Earth collided with an interstellar cloud millions of years ago
06-15-2024

Earth collided with an interstellar cloud millions of years ago

Around two million years ago, Earth was home to early human ancestors living alongside saber-toothed tigers, mastodons, and massive rodents. 

The planet experienced multiple ice ages, likely caused by factors such as Earth’s tilt, rotation, tectonics, volcanic activity, and atmospheric carbon dioxide levels. 

However, a new study led by Boston University (BU) has suggested that the sun’s location in the galaxy may have also played a significant role.

Interstellar cloud encounter

The experts found that around two million years ago, the solar system encountered an interstellar cloud dense enough to disrupt the sun’s solar wind, which forms the protective heliosphere around the solar system. 

The heliosphere shields Earth from harmful cosmic radiation and galactic rays, which can alter DNA. The dense cloud compressed the heliosphere, briefly exposing Earth to the interstellar medium.

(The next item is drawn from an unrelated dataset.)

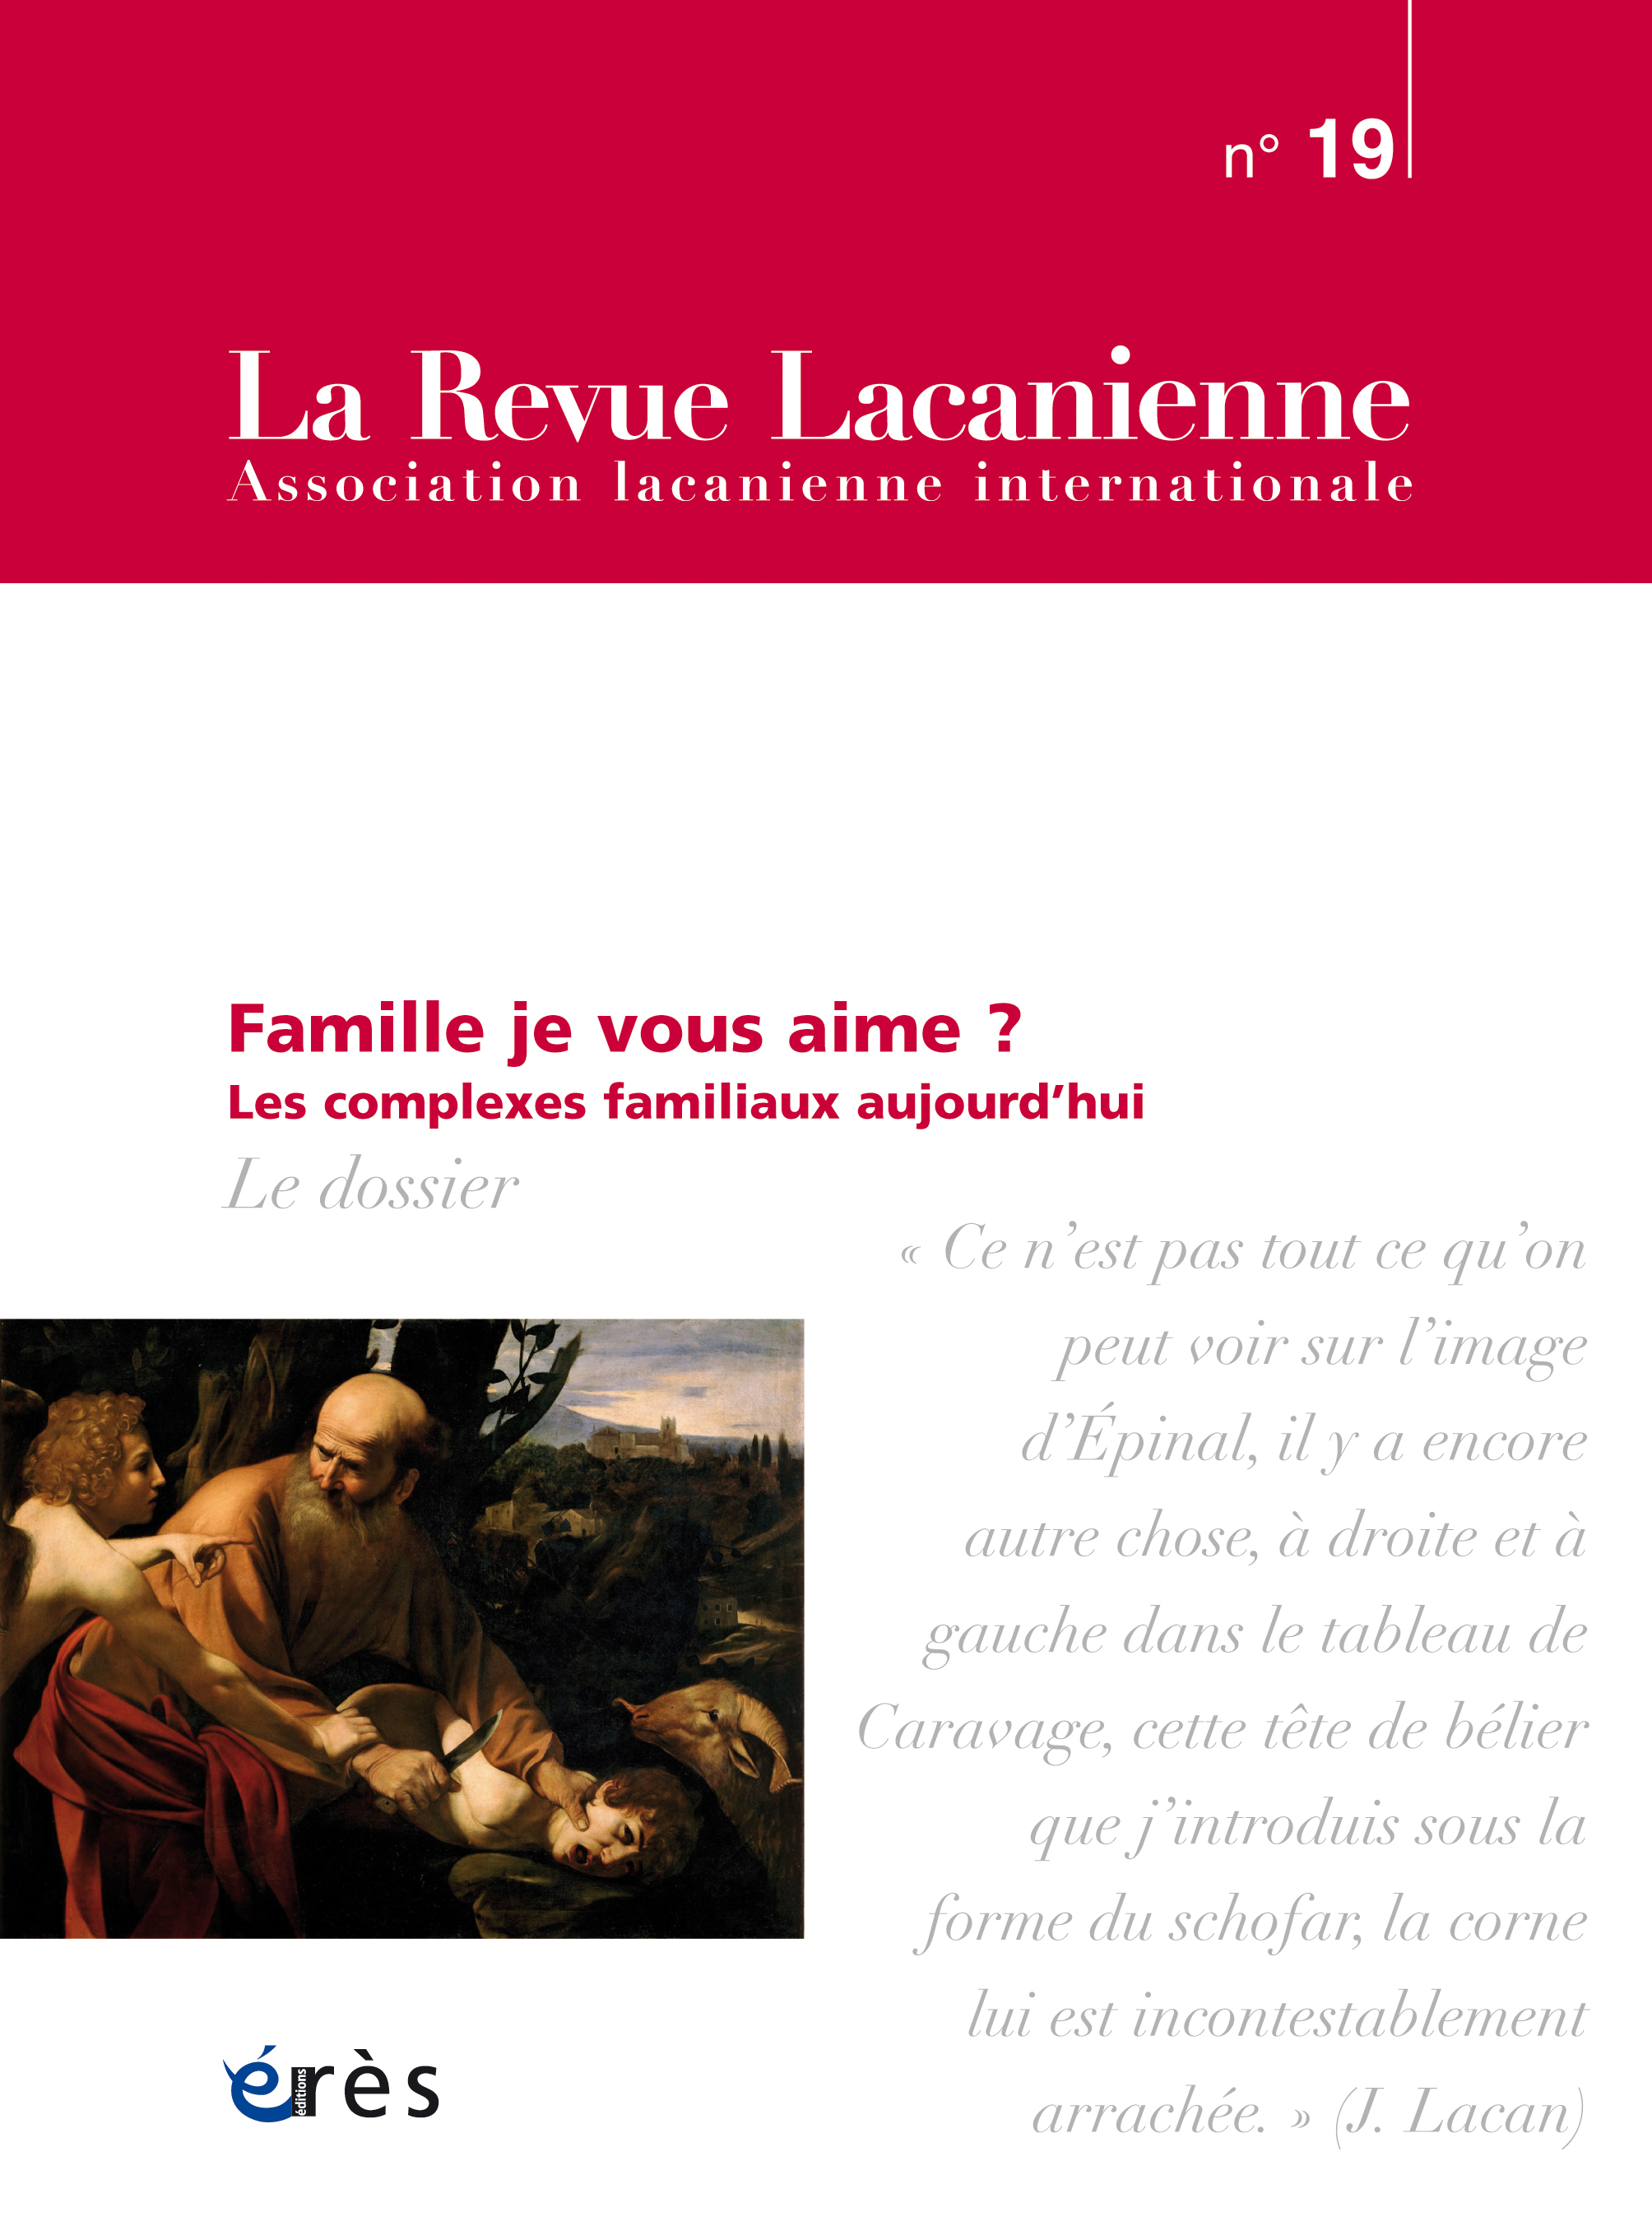 Couverture de la Revue Lacanienne "Famille, je vous aime ?"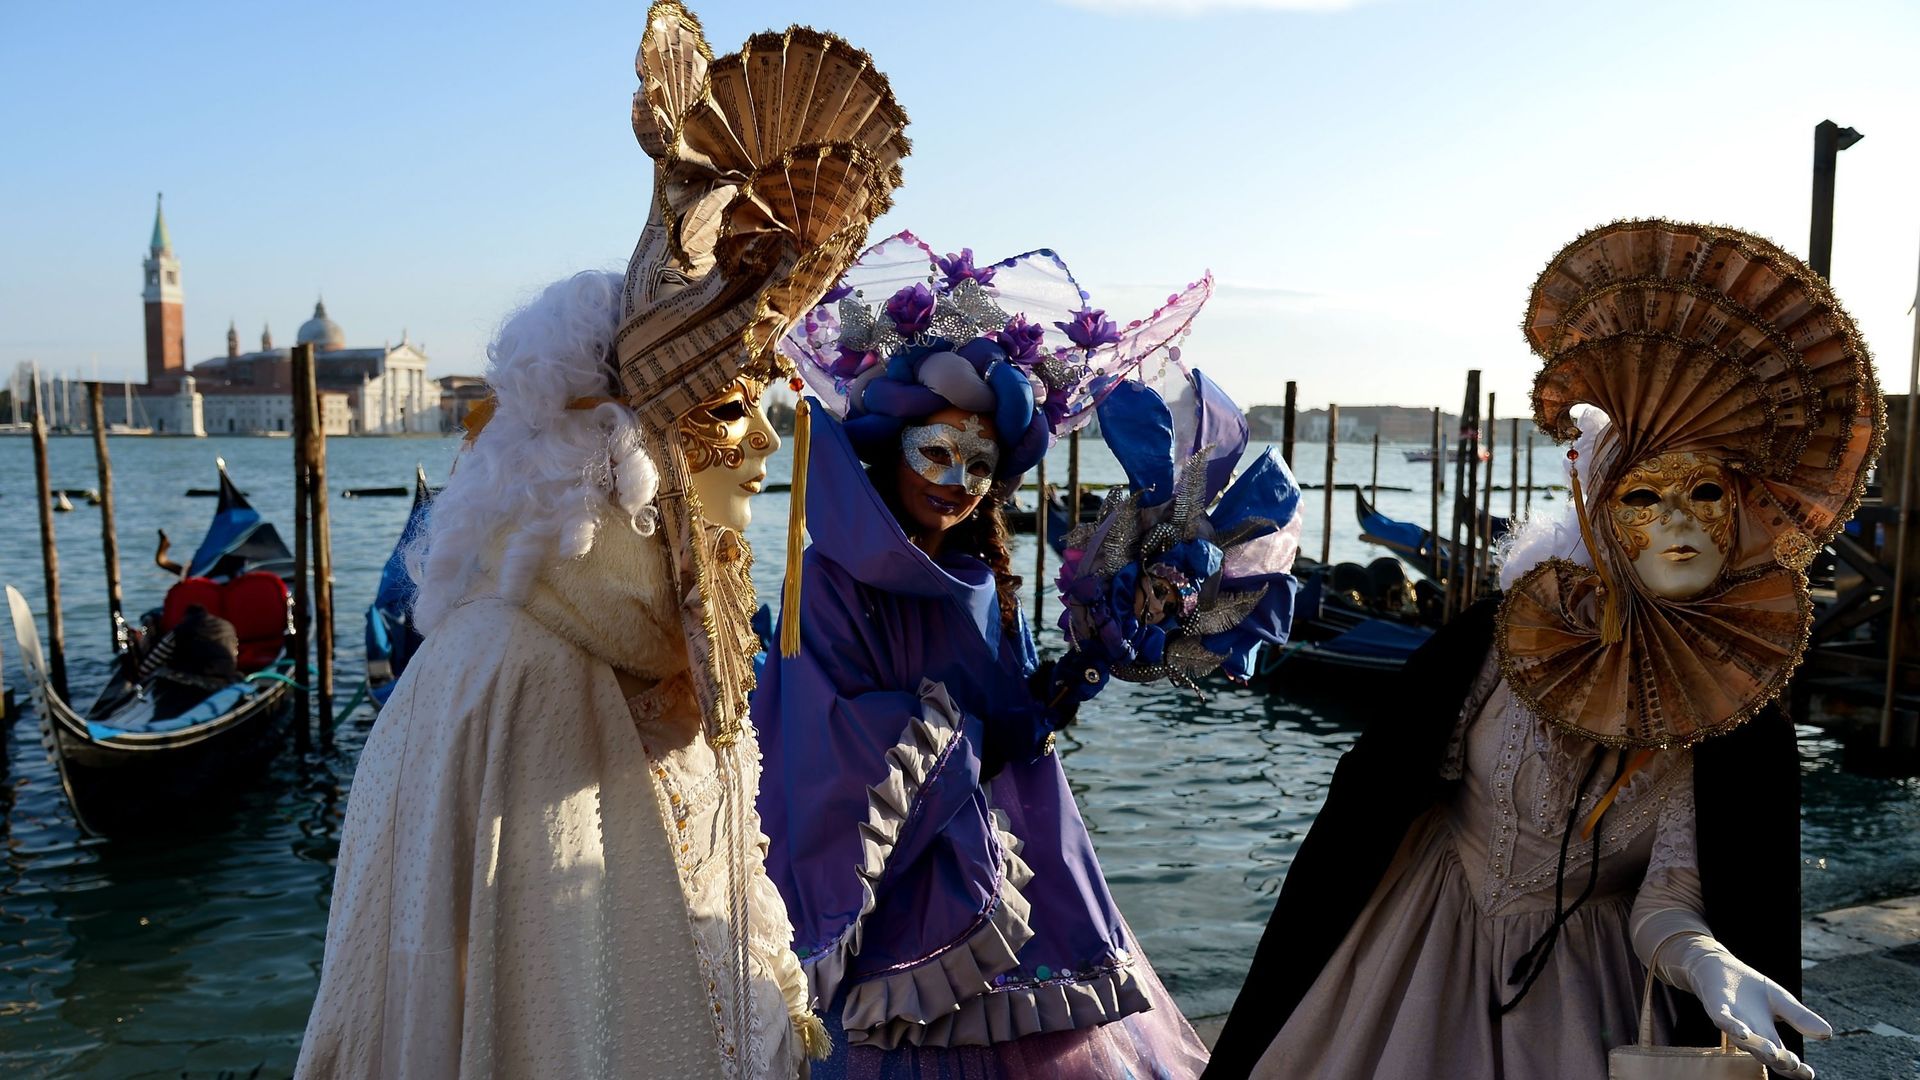 Venise donnera le coup d'envoi de la saison 2016 des carnavals dans le monde

“This paper is the first to quantitatively show there was an encounter between the sun and something outside of the solar system that would have affected Earth’s climate,” said lead author Merav Opher, an astrophysicist at BU. 

Solar wind and the interstellar medium 

Opher’s models, which propose that the heliosphere is shaped like a puffy croissant, have significantly influenced the understanding of how the solar wind interacts with the interstellar medium.

To investigate these phenomena, Opher and her team used sophisticated computer models to trace the sun’s position two million years ago. 

They mapped the path of the Local Ribbon of Cold Clouds system, a series of large, dense, and cold clouds primarily composed of hydrogen atoms. 

Local Lynx of Cold Cloud

The simulations indicated that the Local Lynx of Cold Cloud, a part of this ribbon, could have collided with the heliosphere.

If such a collision occurred, Earth would have been exposed to the interstellar medium, which contains gas, dust, and radioactive particles from exploded stars. Normally, the heliosphere filters out these particles, but without it, they could reach Earth. 

This scenario aligns with geological evidence showing increased levels of iron-60 and plutonium-244 isotopes in ocean sediments, lunar samples, Antarctic snow, and ice cores from that period, coinciding with a cooling phase on Earth.

Iron 60 and plutonium 244 are very rare heavy metals that are created when massive stars explode.

“It is everywhere, in the deep ocean, on the moon, on ice in Antarctica,” said Opher. “These papers describe a global phenomenon. Something happened. And iron 60 is not produced on Earth. So I knew that somehow this iron 60 got trapped in dust, and somehow, 2 to 3 million years ago, we had more dust delivered to us.”

Dense cloud compressed the heliosphere 

“Only rarely does our cosmic neighborhood beyond the solar system affect life on Earth,” said co-author Avi Loeb, the director of Harvard University’s Institute for Theory and Computation. 

“It is exciting to discover that our passage through dense clouds a few million years ago could have exposed the Earth to a much larger flux of cosmic rays and hydrogen atoms.”

The pressure from the Local Lynx of Cold Cloud could have kept the heliosphere compressed for hundreds of years to a million years, depending on the cloud’s size. Once Earth moved away from the cloud, the heliosphere would have re-expanded to encompass all the planets.

Interstellar clouds and Earth’s climate 

While it is difficult to determine the exact impact of these cold clouds on Earth’s climate, Opher argued that the sun has likely encountered other cold clouds over billions of years and will do so again in the future. 

Her team is now working on mapping the sun’s location seven million years ago and further back, using data from the European Space Agency’s Gaia mission, which is creating the largest 3D map of the galaxy.

“This cloud was indeed in our past, and if we crossed something that massive, we were exposed to the interstellar medium,” noted Opher.

Her team at BU’s NASA-funded SHIELD (Solar wind with Hydrogen Ion Exchange and Large-scale Dynamics) DRIVE Science Center is now exploring the potential effects on Earth’s radiation, atmosphere, and climate.

“This is only the beginning,” Opher said. She hopes this research will lead to further exploration of how the solar system’s encounters with interstellar forces have shaped Earth’s history and life.

The study is published in the journal Nature Astronomy.